● **DATA BLOCK**
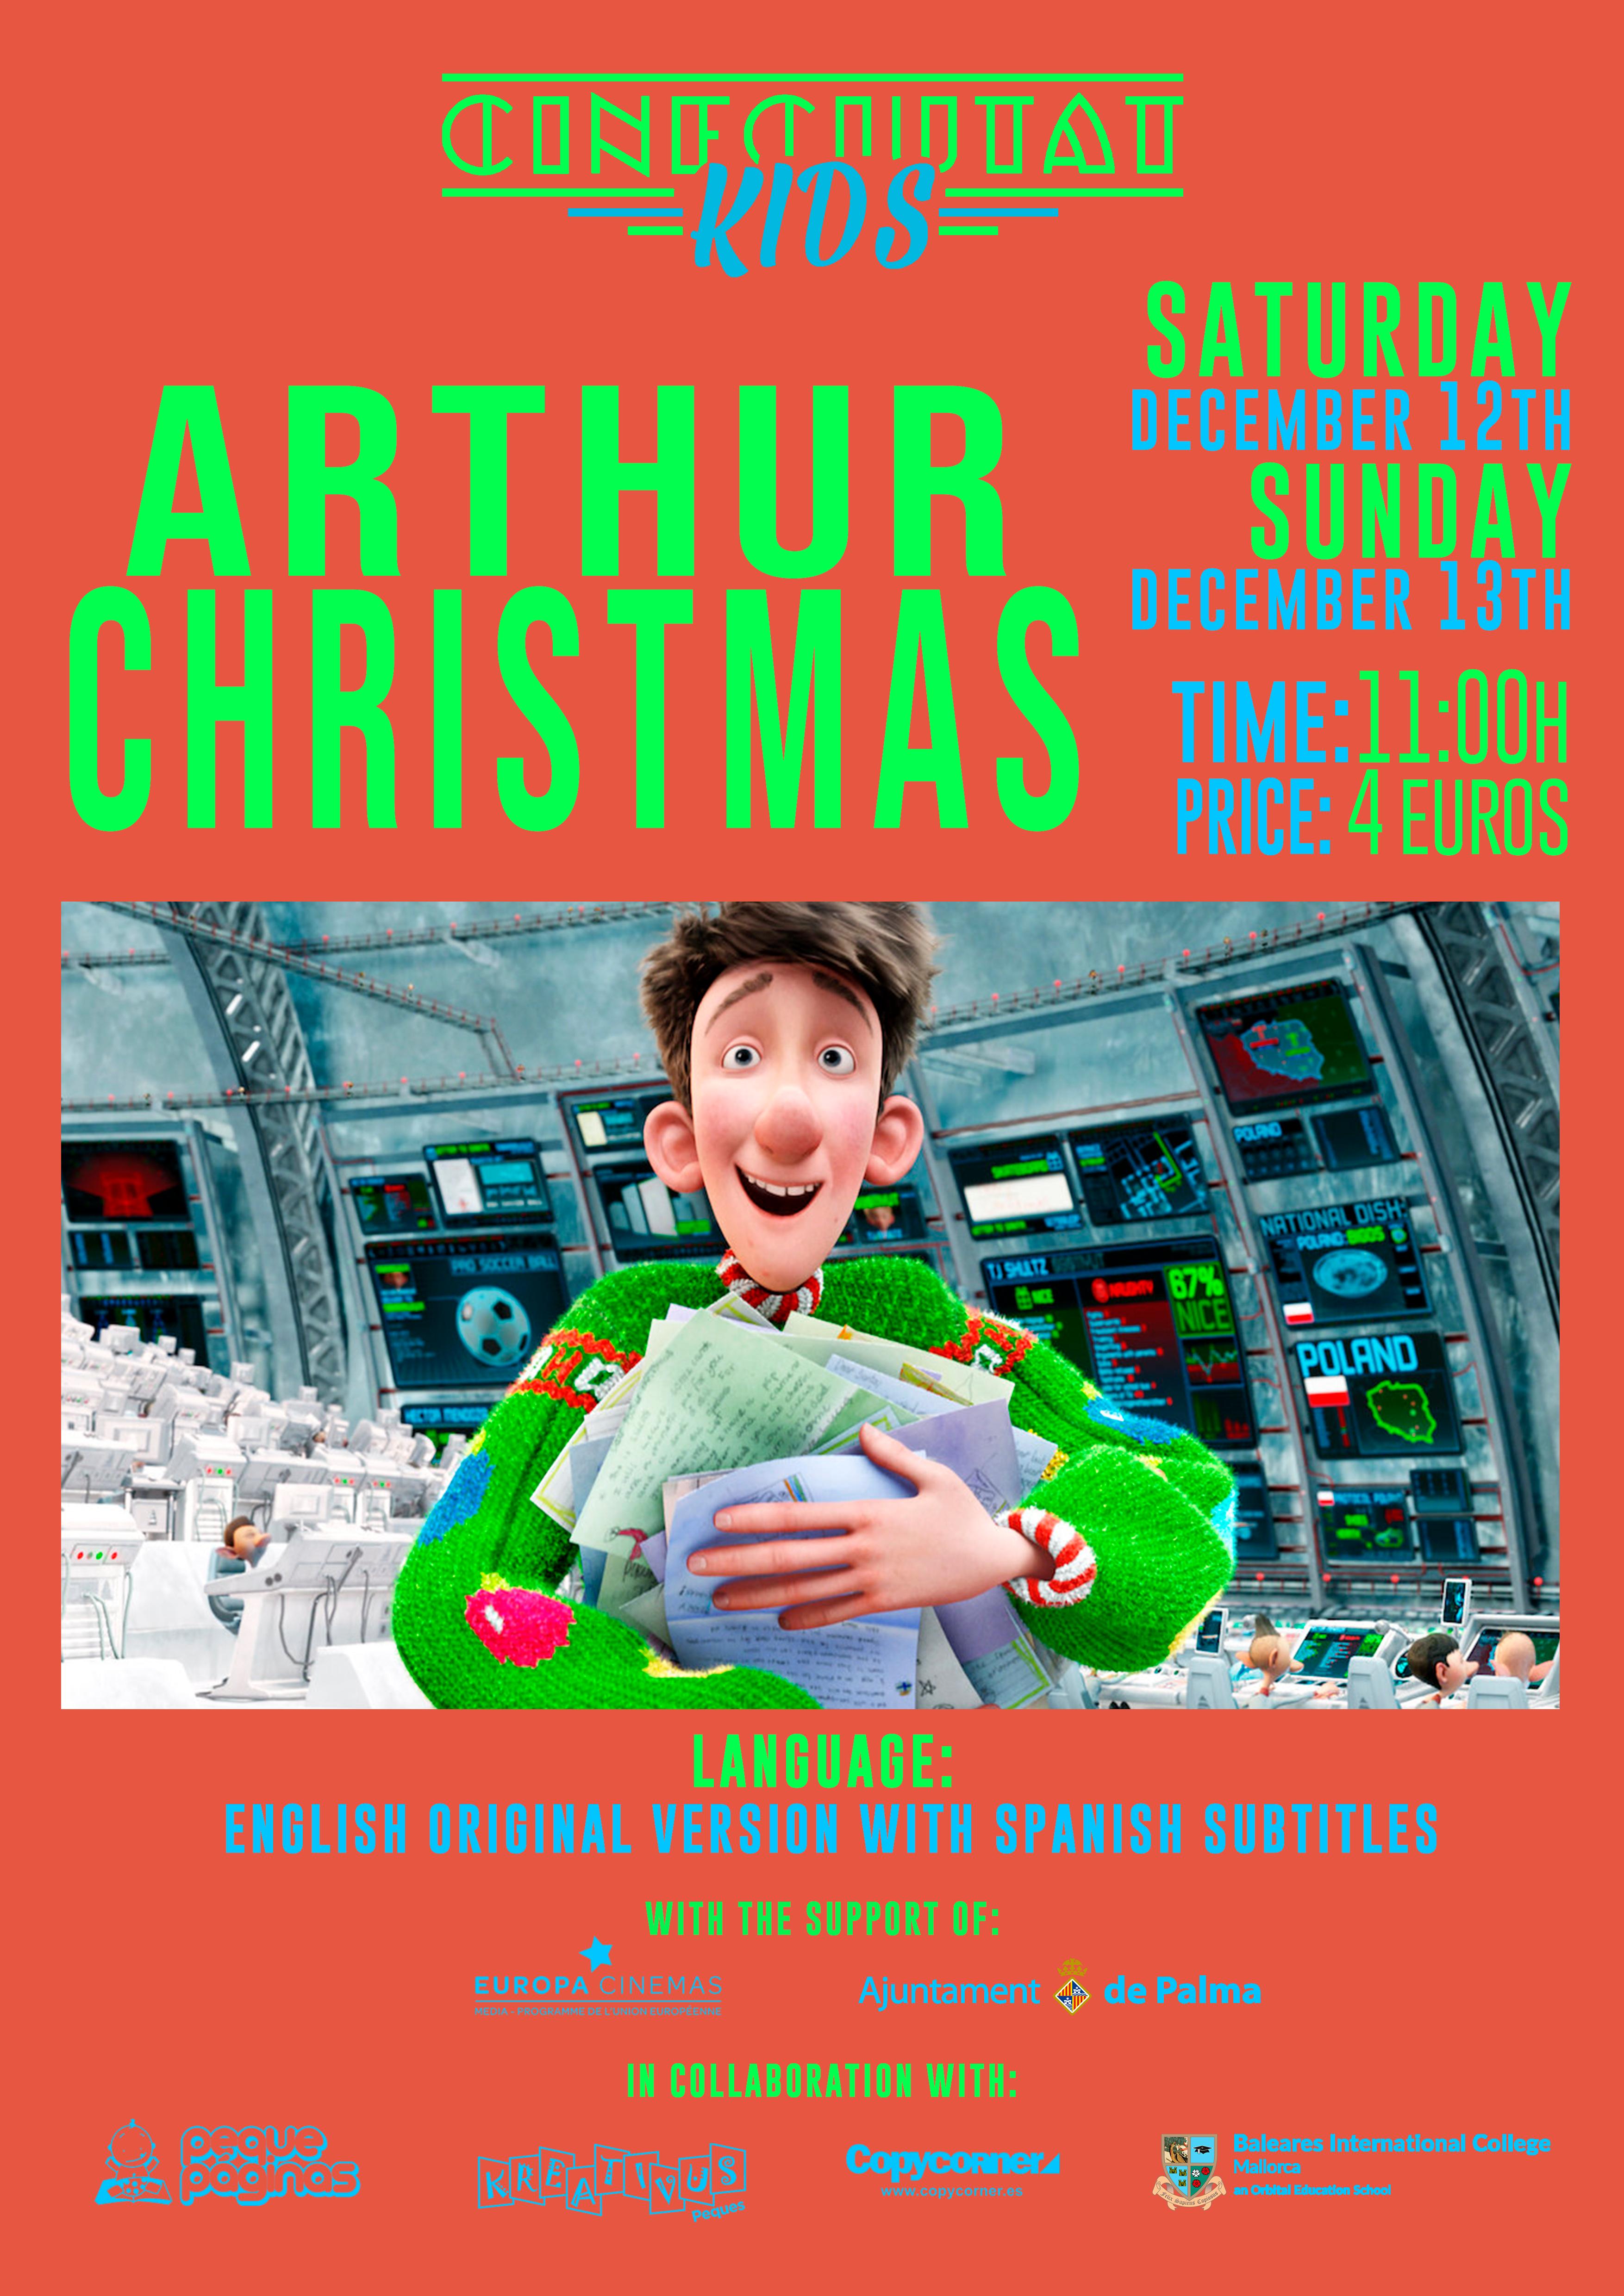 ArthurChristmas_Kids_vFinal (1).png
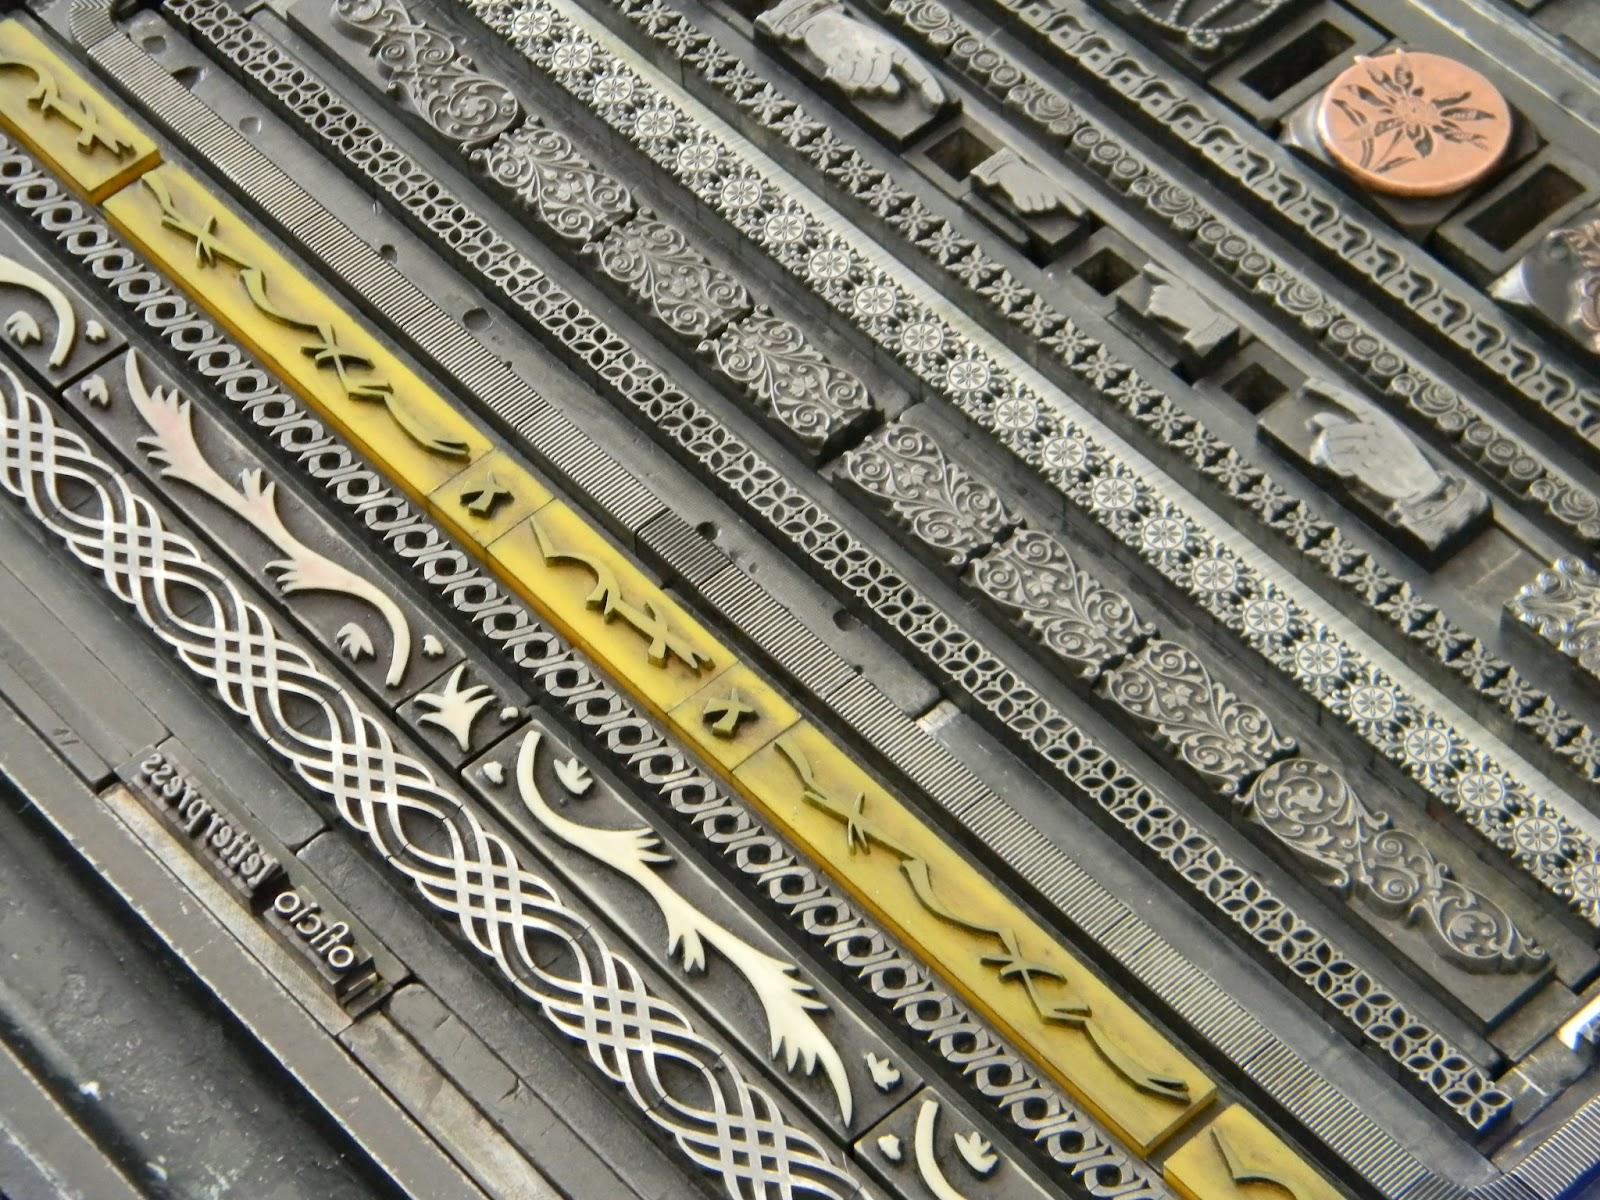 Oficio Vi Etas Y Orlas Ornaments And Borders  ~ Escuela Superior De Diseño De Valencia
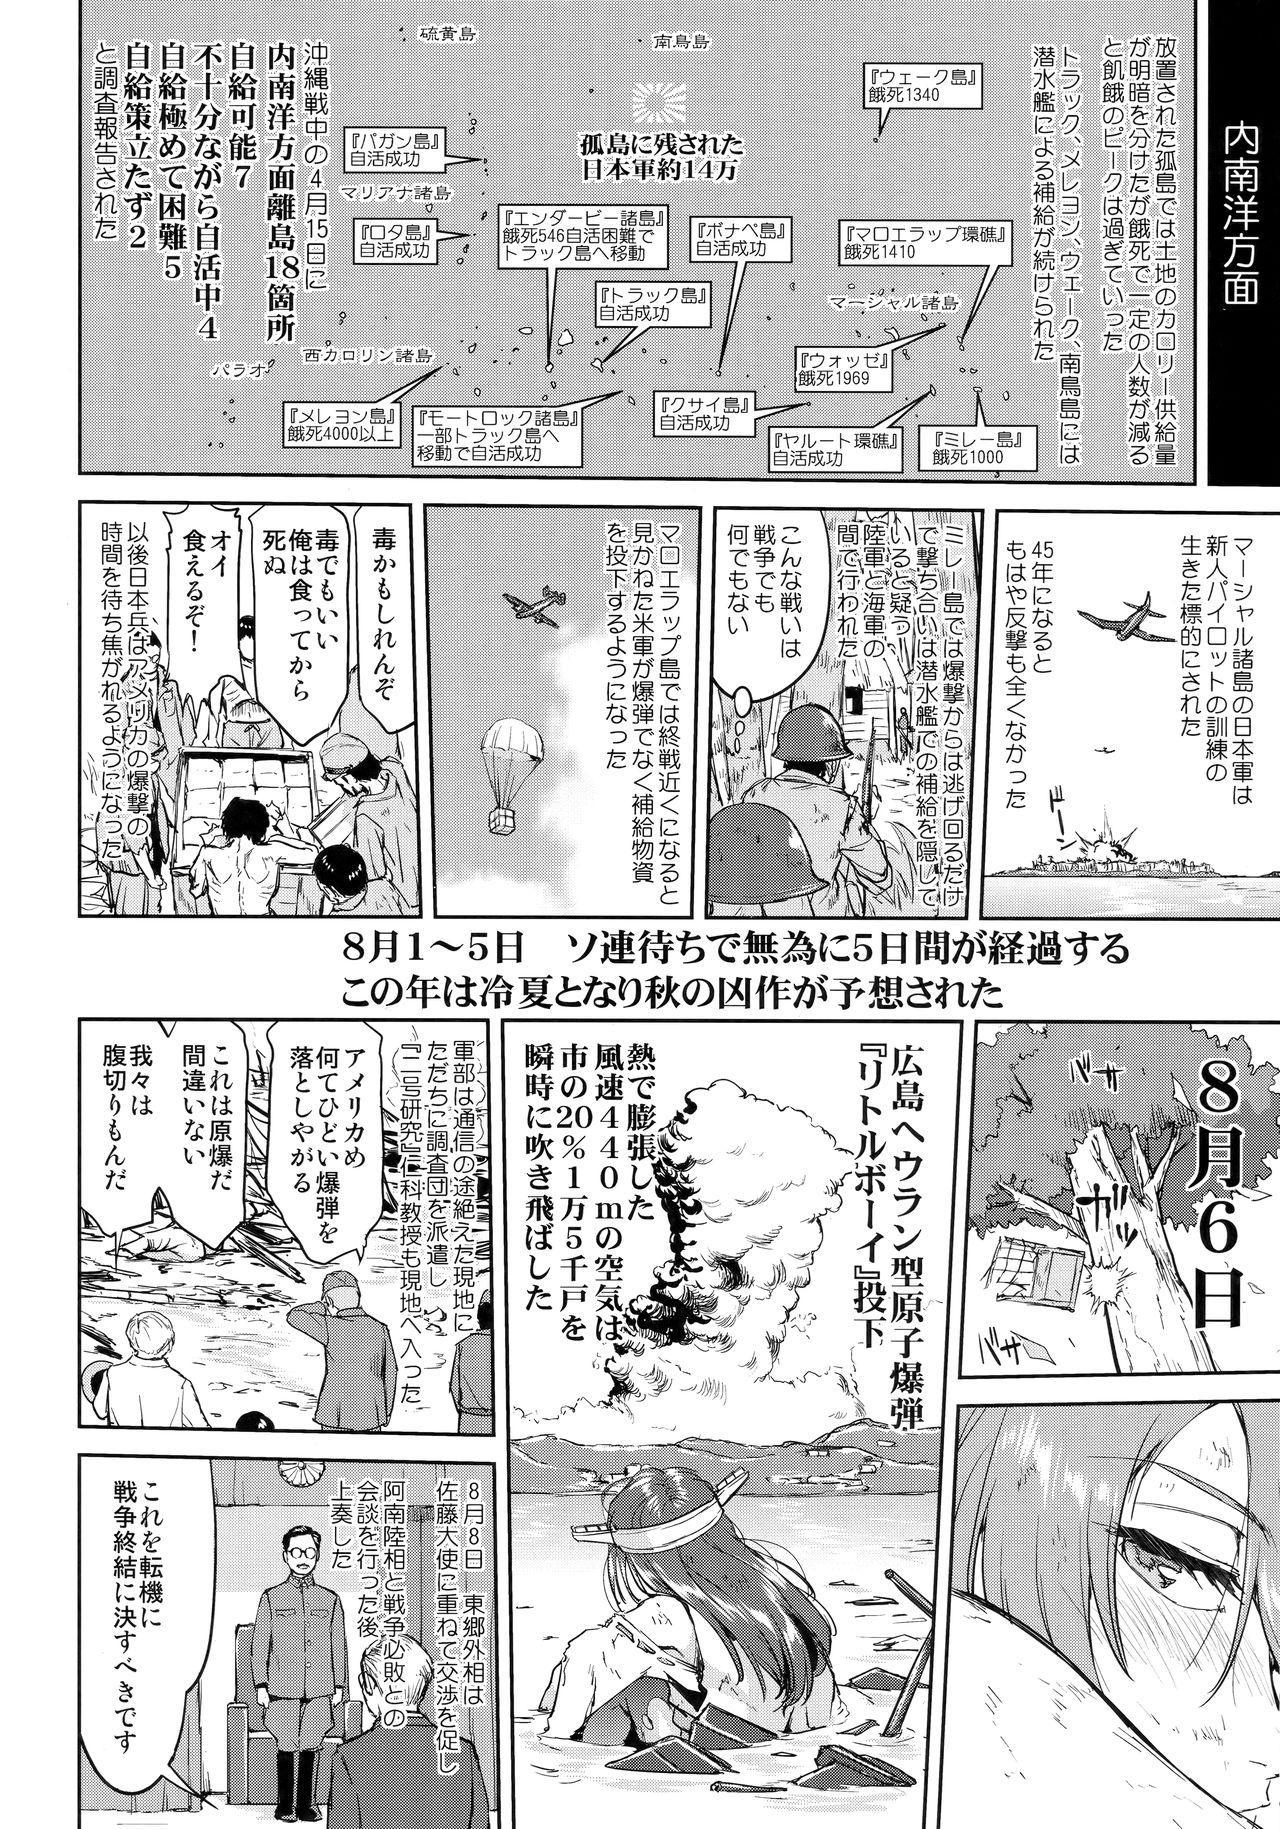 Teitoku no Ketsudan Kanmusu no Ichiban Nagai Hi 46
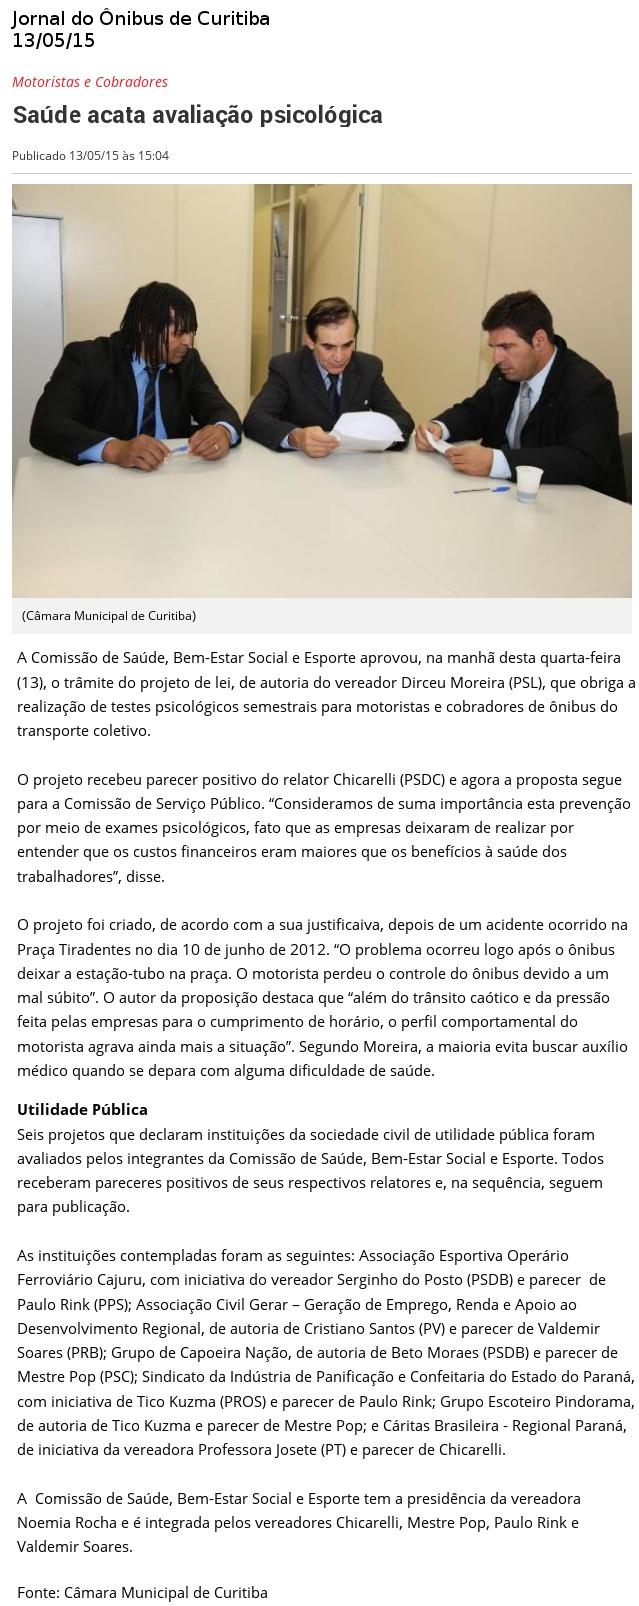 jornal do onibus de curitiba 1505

● **WHAT YOU SHOULD DO**
Please set down each line of the listing above word for word, skipping any pictures.

● **YOUR RESPONSE**
 ArthurChristmas_Kids_vFinal (1).png
 Oficio Vi Etas Y Orlas Ornaments And Borders  ~ Escuela Superior De Diseño De Valencia
 Teitoku no Ketsudan Kanmusu no Ichiban Nagai Hi 46
 jornal do onibus de curitiba 1505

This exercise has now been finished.